The good news is there are plenty of gluten-free ingredients, menu options, and products out there that taste fantastic! Some of my favorites include:
Sweet potato with Amy’s (gluten-free) chili, spinach, and cheese
Barilla gluten-free noodles with peppers, onions, and chicken sausage in marinara sauce
Amy’s gluten-free burritos (<- a true obsession)
Gluten-free pizza and breadsticks from a local pizza joint
Van’s gluten-free waffles with Greek yogurt and blueberries
Van’s gluten-free pasta sides (with the addition of turkey sausage)
Some substitutions I’ve made since going (mostly) gluten-free include using veggie noodles, gluten-free noodles, buying gluten-free bread (I love Udi’s!), using almond or coconut flour for baking (instead of white or wheat), and drinking (mostly) almond milk. Also, gluten-free waffles and french toast sticks are my jam!
Van’s gluten-free french toast sticks, agave nectar, almond butter, and bananas
I still eat regular ice cream and yogurt from time to time, but it’s all within moderation and depends on how my stomach is feeling that day. If I consumed a lot of dairy or gluten earlier or the day before, I tend to back off.
Raspberry Greek yogurt with soft gluten-free granola
To be honest, I do notice a difference in the texture of most gluten-free foods, but it doesn’t bother me at all. I appreciate the absence of “glue”, and I really, really like them.
I will occasionally cook with wheat flour or “regular” noodles, but that’s only because my husband prefers it that way. If it were up to me, I would cook completely gluten-free!

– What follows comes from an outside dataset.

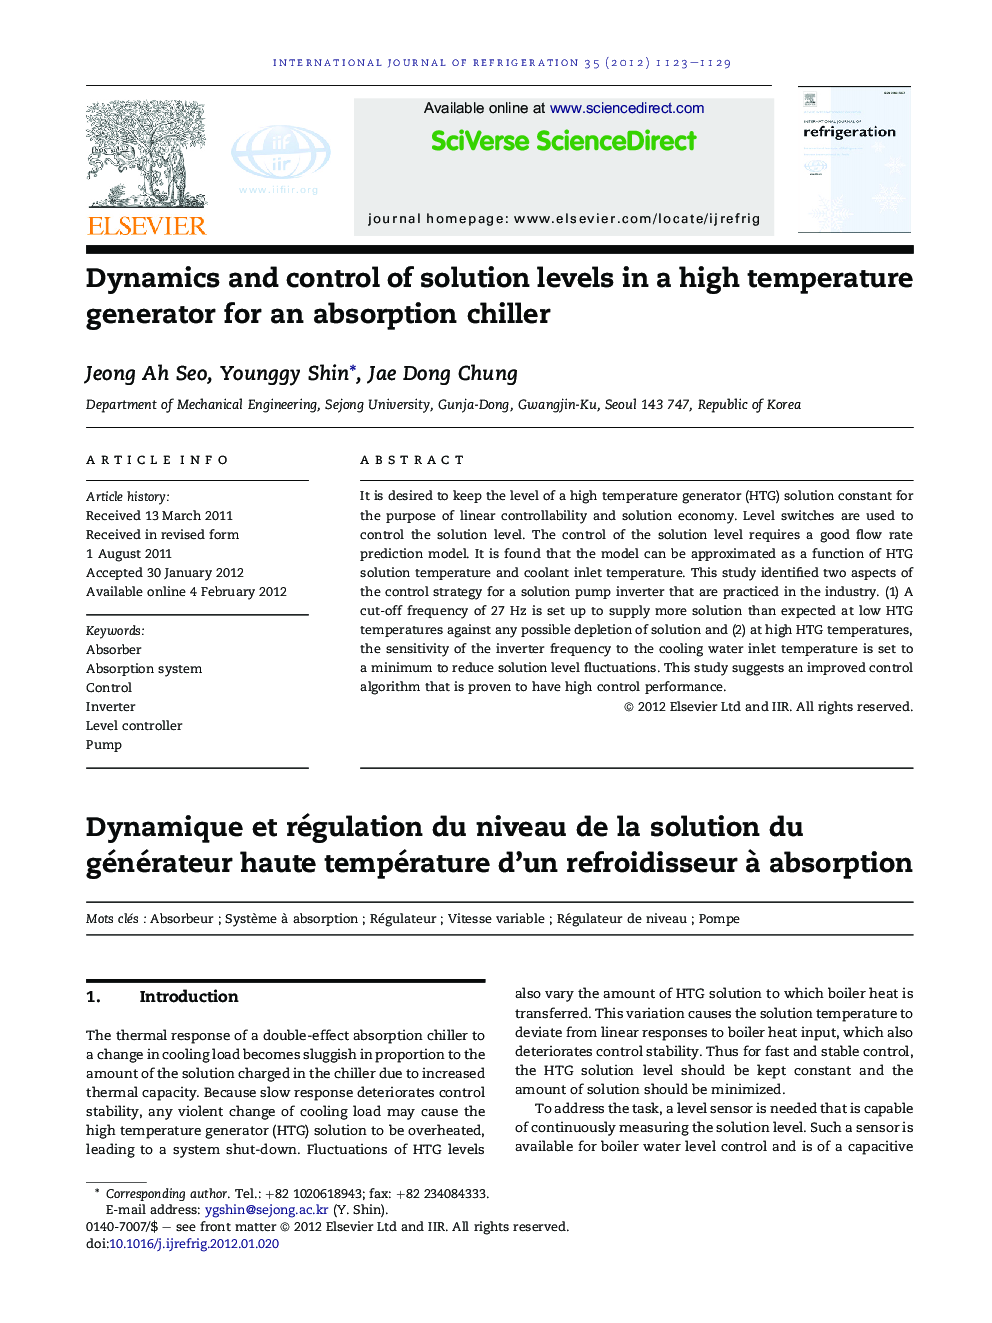 Dynamics and control of solution levels in a high temperature generator for an absorption chiller

This strategy of listening to my body and choosing my foods accordingly has worked really well for me, and if you are one who has experienced similar discomforts after eating, you may want to try eating somewhat gluten-free. It’s made a huge difference in my life!
I hope this little snippet helps those wondering what the fuss about a “gluten-free” label is all about. While some may fall into the trend of going gluten-free, others see it as a necessity. It is what it is!
Questions of the Afternoon
• Do you have a sensitivity or intolerance to gluten?
• If so, what are some of your favorite substitutions or products?